I sighed, my feelings decidedly mixed. I knew he was dissatisfied with his role in the winter encampment. Although he was the general’s most valued aide-de-camp, he chafed under that honor and the duties with it, and longed for a posting where he’d see more active duty and combat with the enemy. I wished him to be happy, yes, but I also wished him to stay alive, and I dreaded the very thought of him in the reckless path of mortal danger.
He took my silence as encouragement, and continued on, his voice rising.
“The general would unman me completely, Betsey, and replace my sword forever with a pen,” he said. “There is a sense of protection to the position, of obligation, which I find eminently distasteful. How can I be considered a soldier? Each day that I am chained to my clerk’s desk is another that questions my courage, my valor, my dedication to risk everything for the cause.”
This, too, I’d witnessed before. Alexander was a gifted speaker, and once he fair had his teeth into an argument, he could worry it like a tenacious (but eloquent) bulldog for hours at a time. His skill with words was a wondrous gift and one that left me in awe. But beneath my cloak tonight I was dressed for a ball, not an out of doors declamation beneath the stars, and I needed to steer him gently toward a less furious course before my teeth began to chatter.
“His Excellency knows you’re not a coward,” I said, tucking my hands beneath my arms to warm them. “Your record in battle has already proven your courage. But there are no battles to be fought by anyone in the winter season, and—”
“There are in Georgia, in Carolina,” he said, the words coming out as terse small clouds in the cold air. “Laurens has written me of brisk and mortal encounters with the enemy.”
I sighed again. John Laurens was another lieutenant colonel and former aide-de-camp, and Alexander’s dearest friend in the army. Laurens had left the General’s Family before I’d arrived, but I felt as if I knew him from Alexander’s descriptions of his friend’s character, handsomeness, and daring; he’d also been born to wealth and privilege as the son of the wealthiest man in South Carolina, accidents of fate that greatly impressed Alexander.

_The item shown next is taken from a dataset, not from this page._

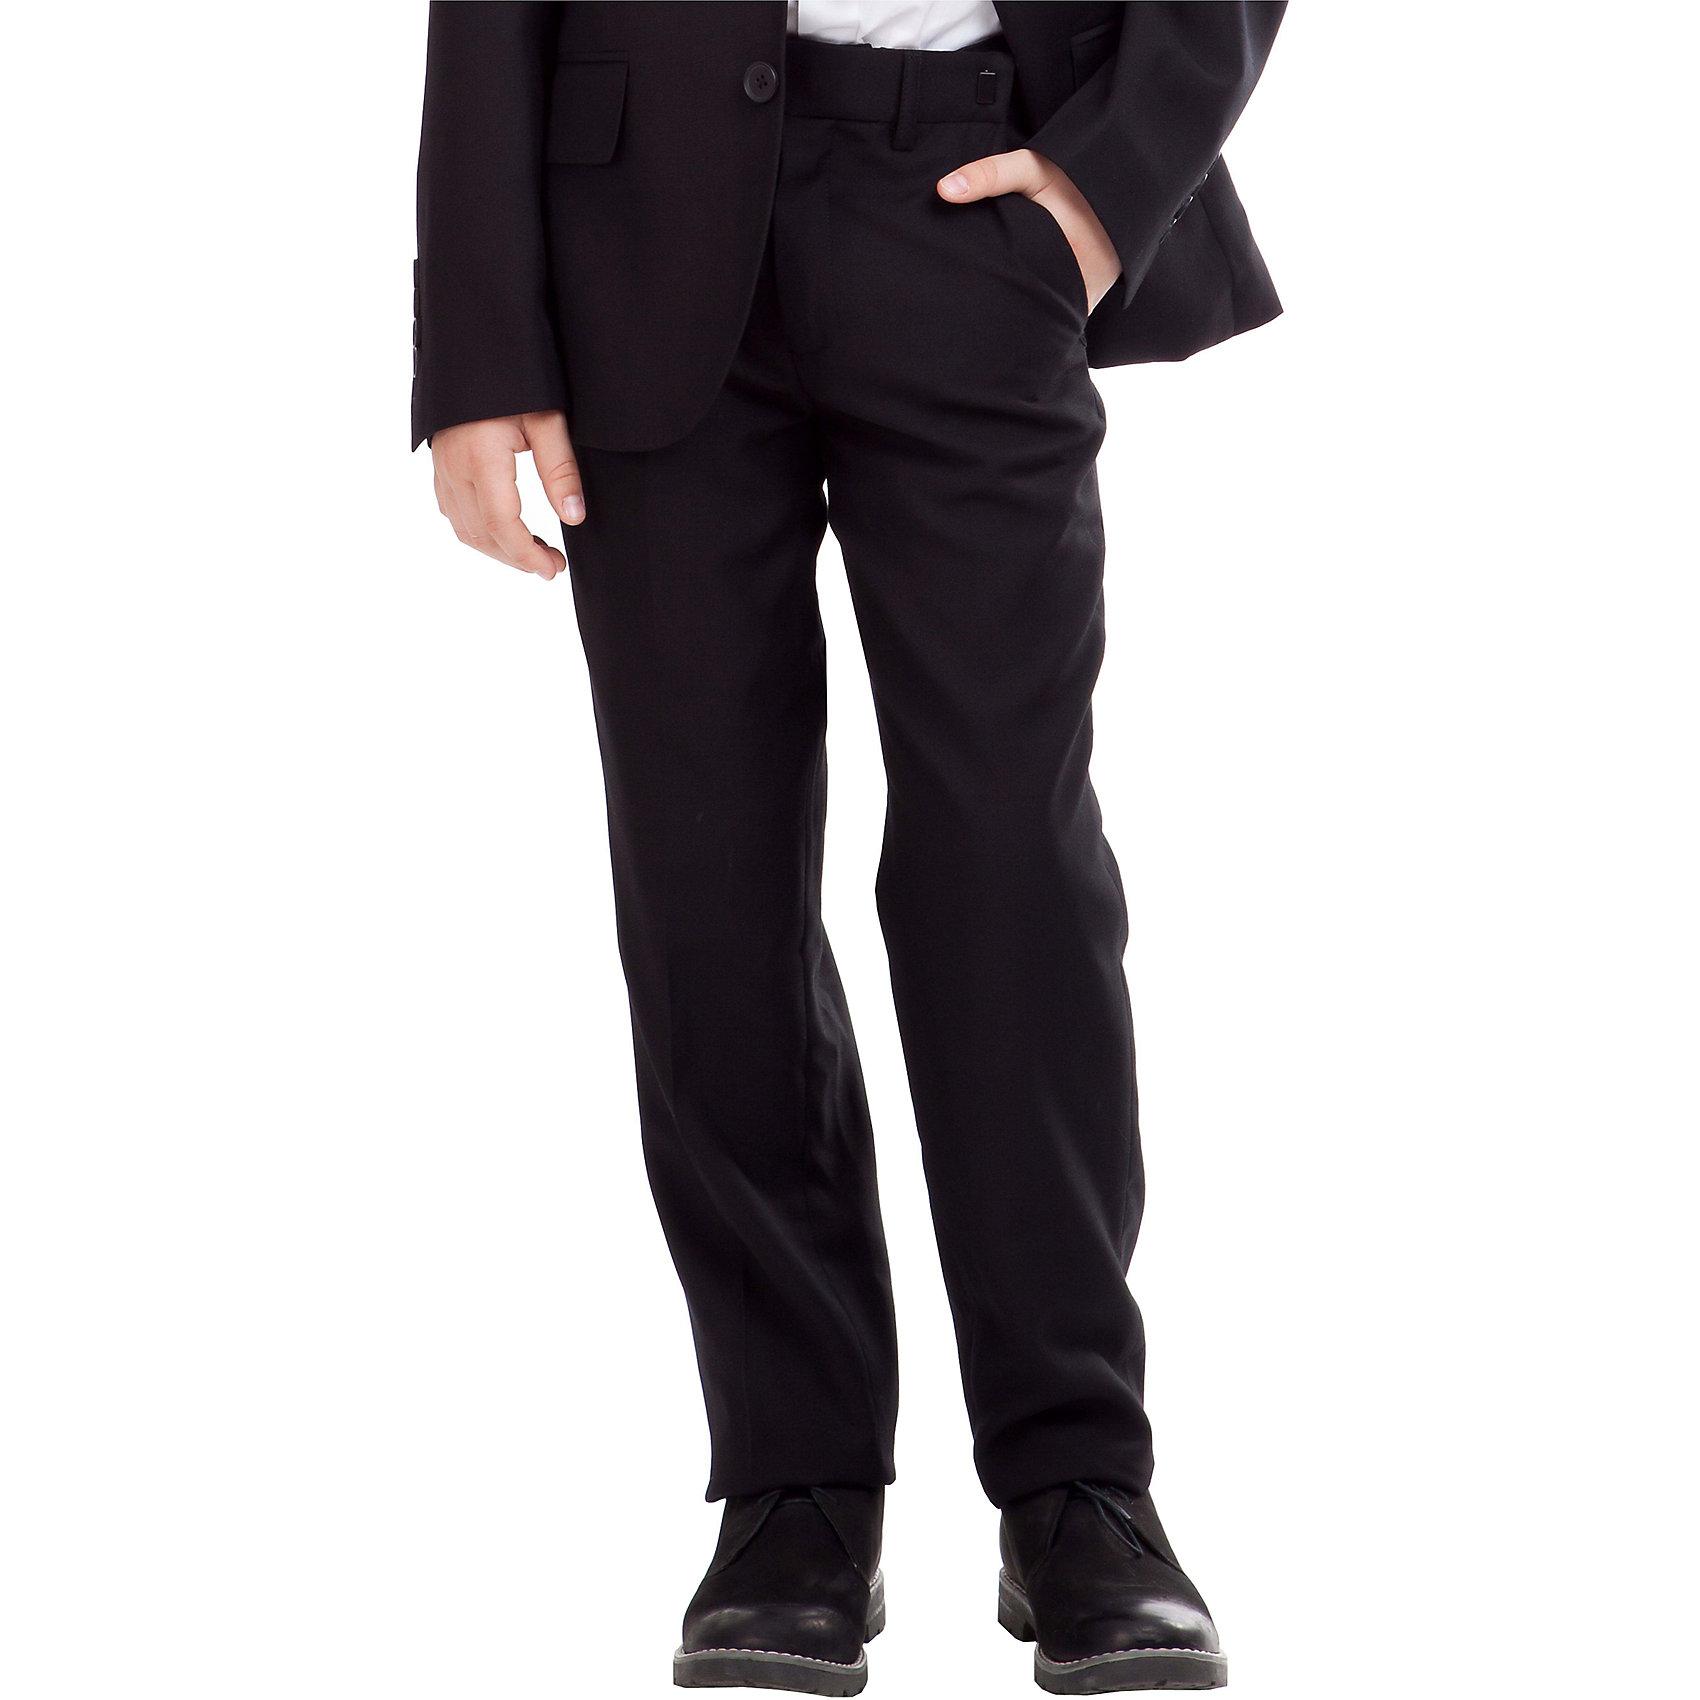 Брюки для мальчика GulliverБрюки<br>Брюки для мальчика от российского бренда Gulliver.<br>Классические брюки  - основа повседневного школьного гардероба. В сочетании с любым верхом, они смотрятся строго, настраивая на деловую волну. Хороший состав ткани с содержанием шерсти обеспечивает брюкам  достойный вид, долговечность и неприхотливость в уходе. Брюки имеют удобную регулировку пояса, создающую комфортную посадку изделия на всех типах фигуры.<br>Состав:<br>тк. верха: 65% полиэстер,  25% вискоза, 10% шерсть подкл.: 100% полиэстер<br><br>Ширина мм: 215<br>Глубина мм: 88<br>Высота мм: 191<br>Вес г: 336<br>Цвет: черный<br>Возраст от месяцев: 144<br>Возраст до месяцев: 156<br>Пол: Мужской<br>Возраст: Детский<br>Размер: 158,152,122,128,134,140,146<br>SKU: 4174640

His fondest reminiscences of Laurens, however, involved hard-fought battles, gruesome wounds, swimming rivers under enemy fire, and having horses shot from beneath them. These tales I found terrifying, even though I understood from Papa that this was how soldiers behaved during wartime. Little wonder that I also believed—though I’d never say so—that Colonel Laurens was responsible for much of Alexander’s restlessness.
“You’ve told me before that those are random skirmishes,” I said as patiently as I could. “Colonel Laurens admits that himself, does he not?”
He grumbled, wordless discontent. “He does, on occasion.”
“And you’ve said yourself that they’re risky ventures,” I continued, “and of no lasting value to the cause.”